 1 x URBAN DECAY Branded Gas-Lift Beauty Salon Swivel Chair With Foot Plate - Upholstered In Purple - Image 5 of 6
::::
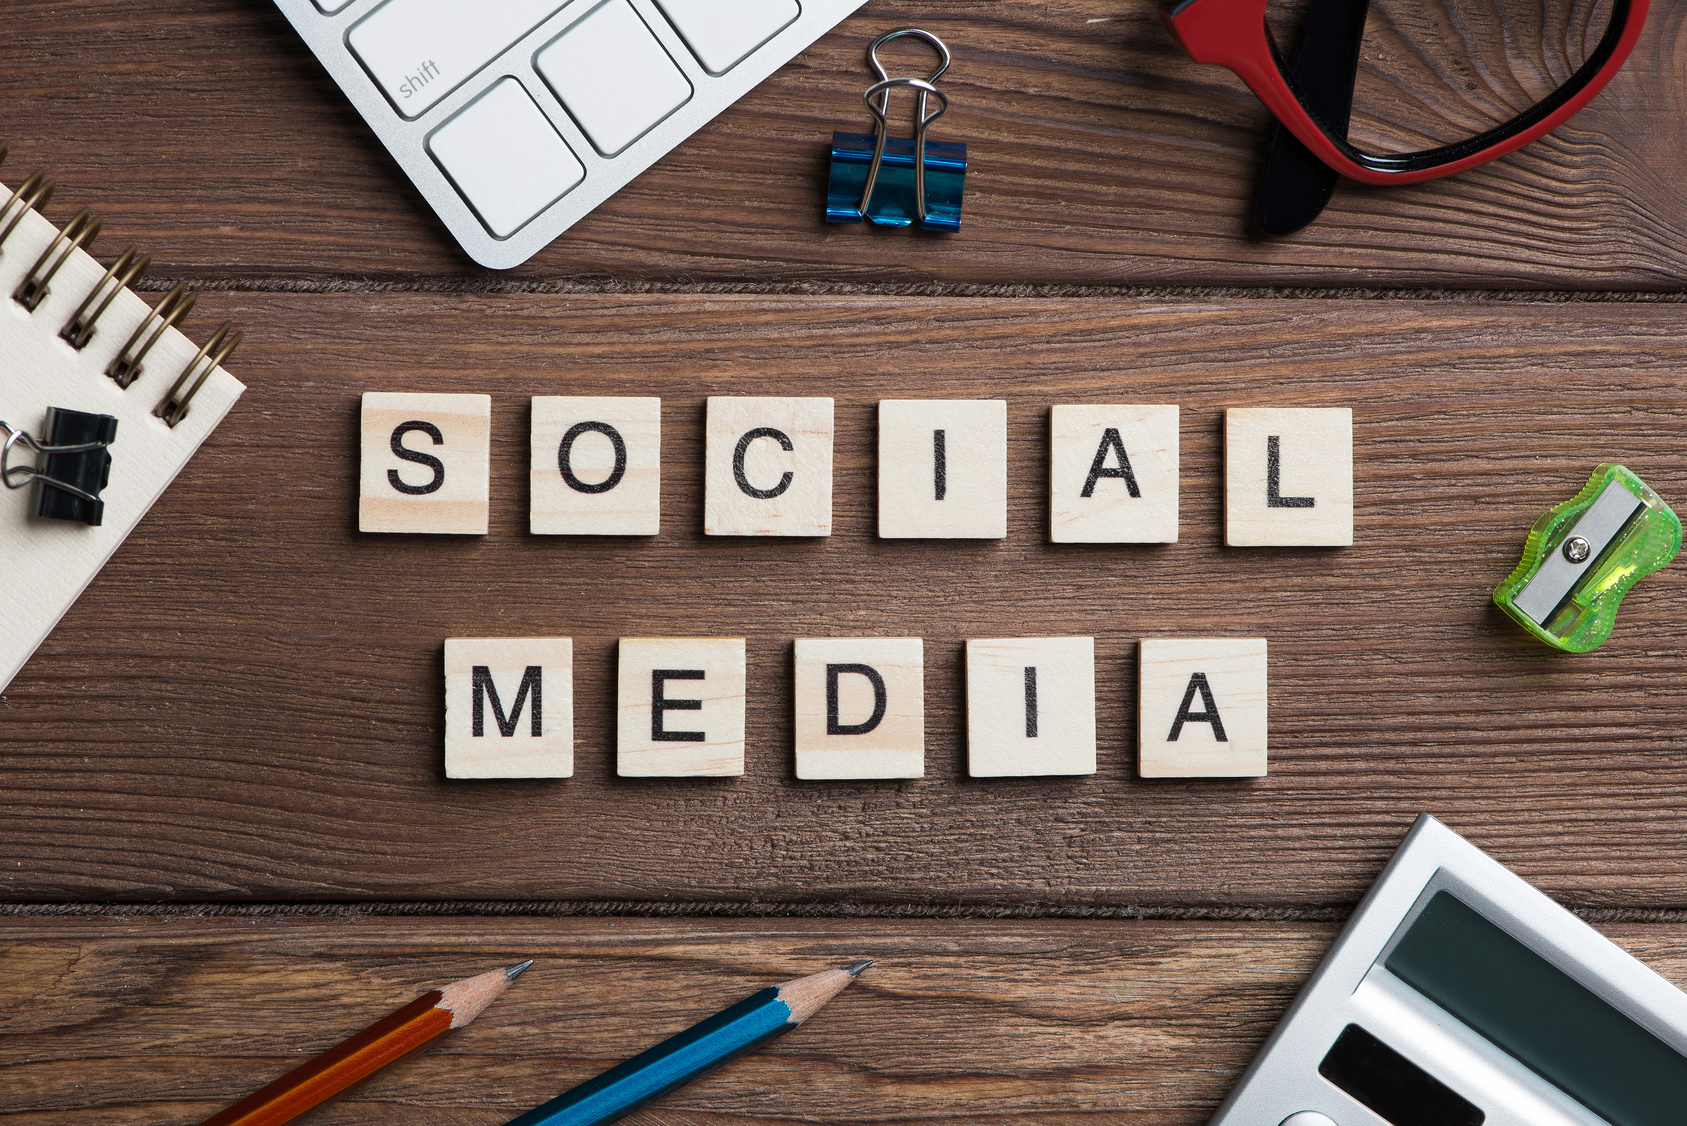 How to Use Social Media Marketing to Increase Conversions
::::
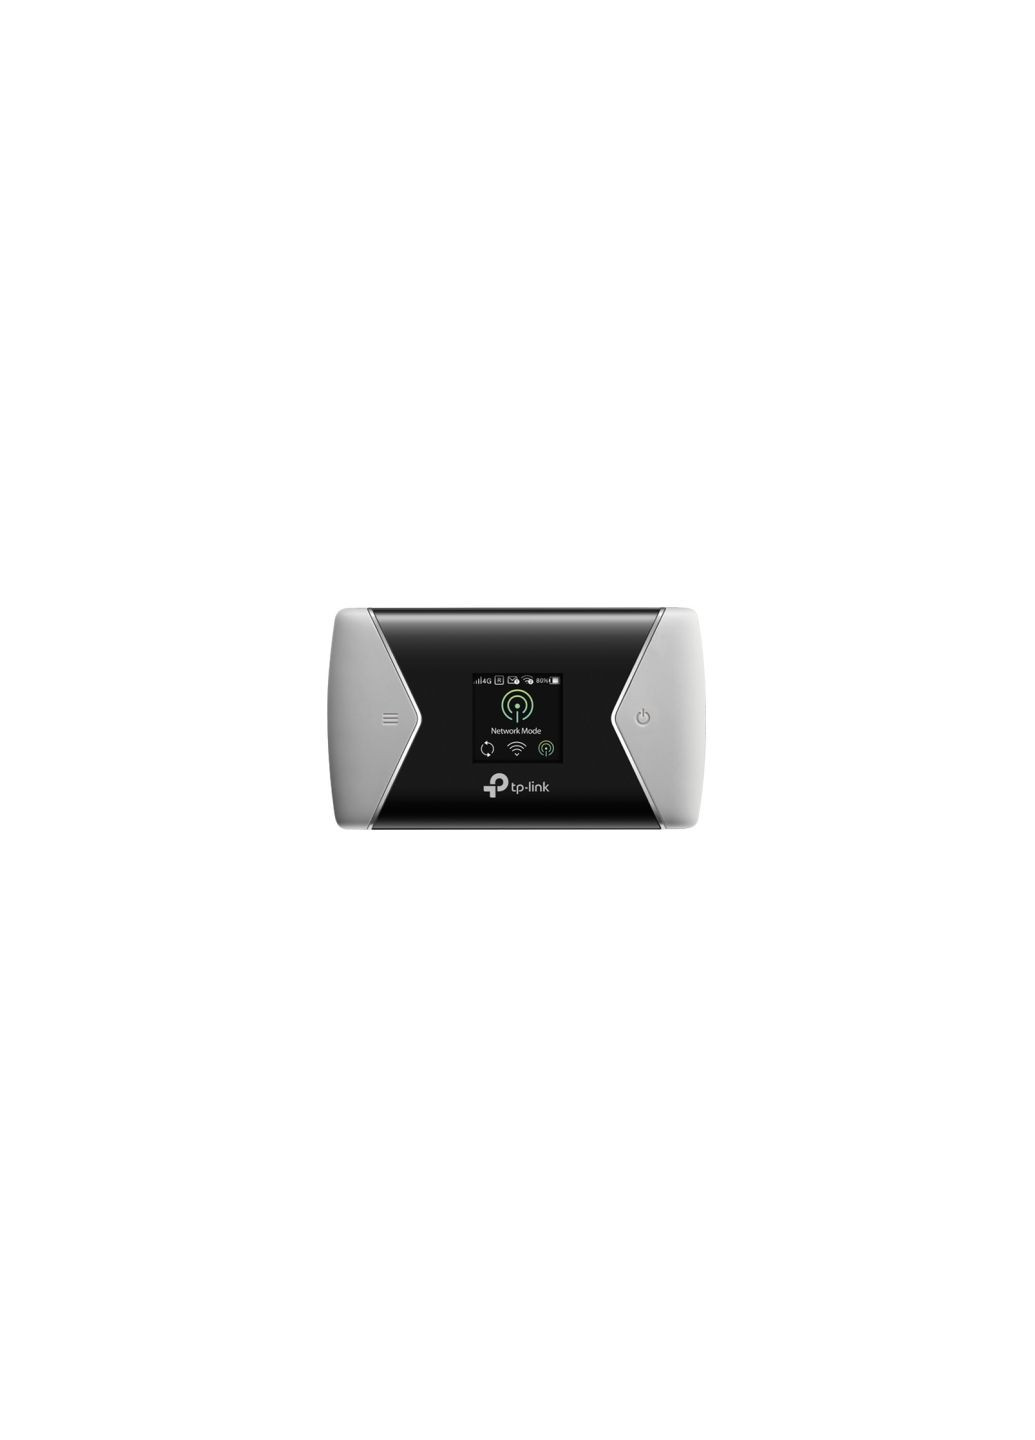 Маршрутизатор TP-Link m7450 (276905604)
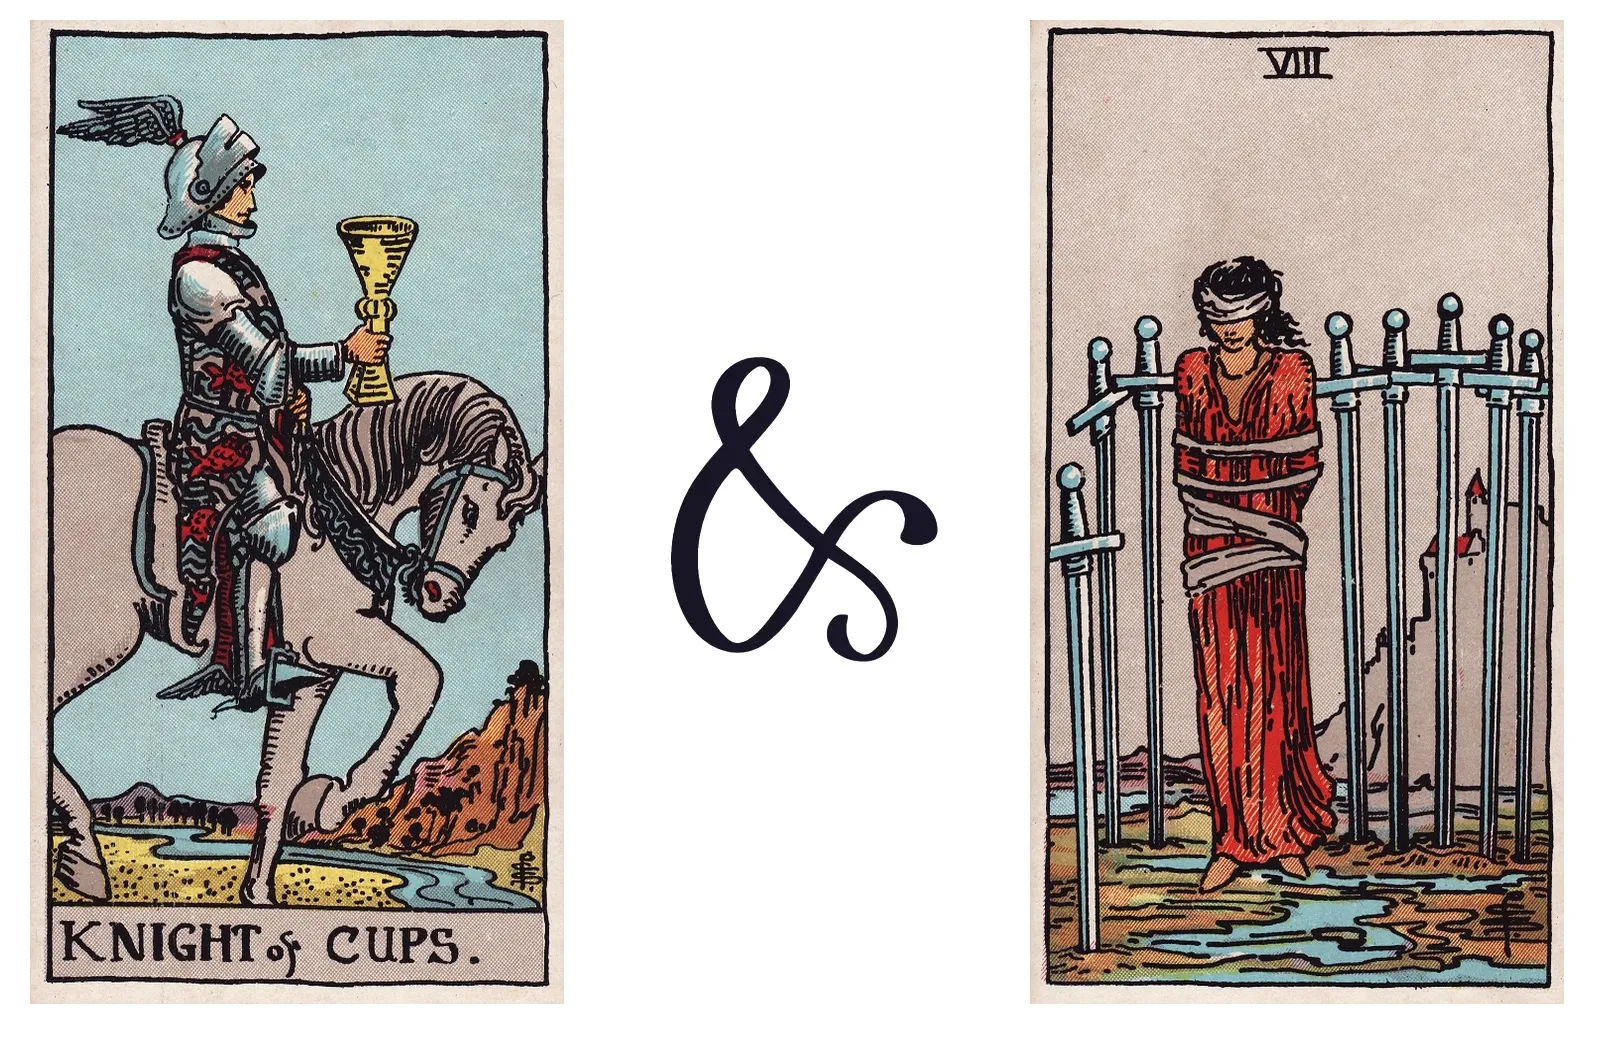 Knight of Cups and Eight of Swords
::::
Look above for the line containing "Маршрутизатор TP-Link m7450 (276905604)" and the line containing "Knight of Cups and Eight of Swords", then reproduce both and everything between them exactly, pictures omitted.

 Маршрутизатор TP-Link m7450 (276905604)
 Knight of Cups and Eight of Swords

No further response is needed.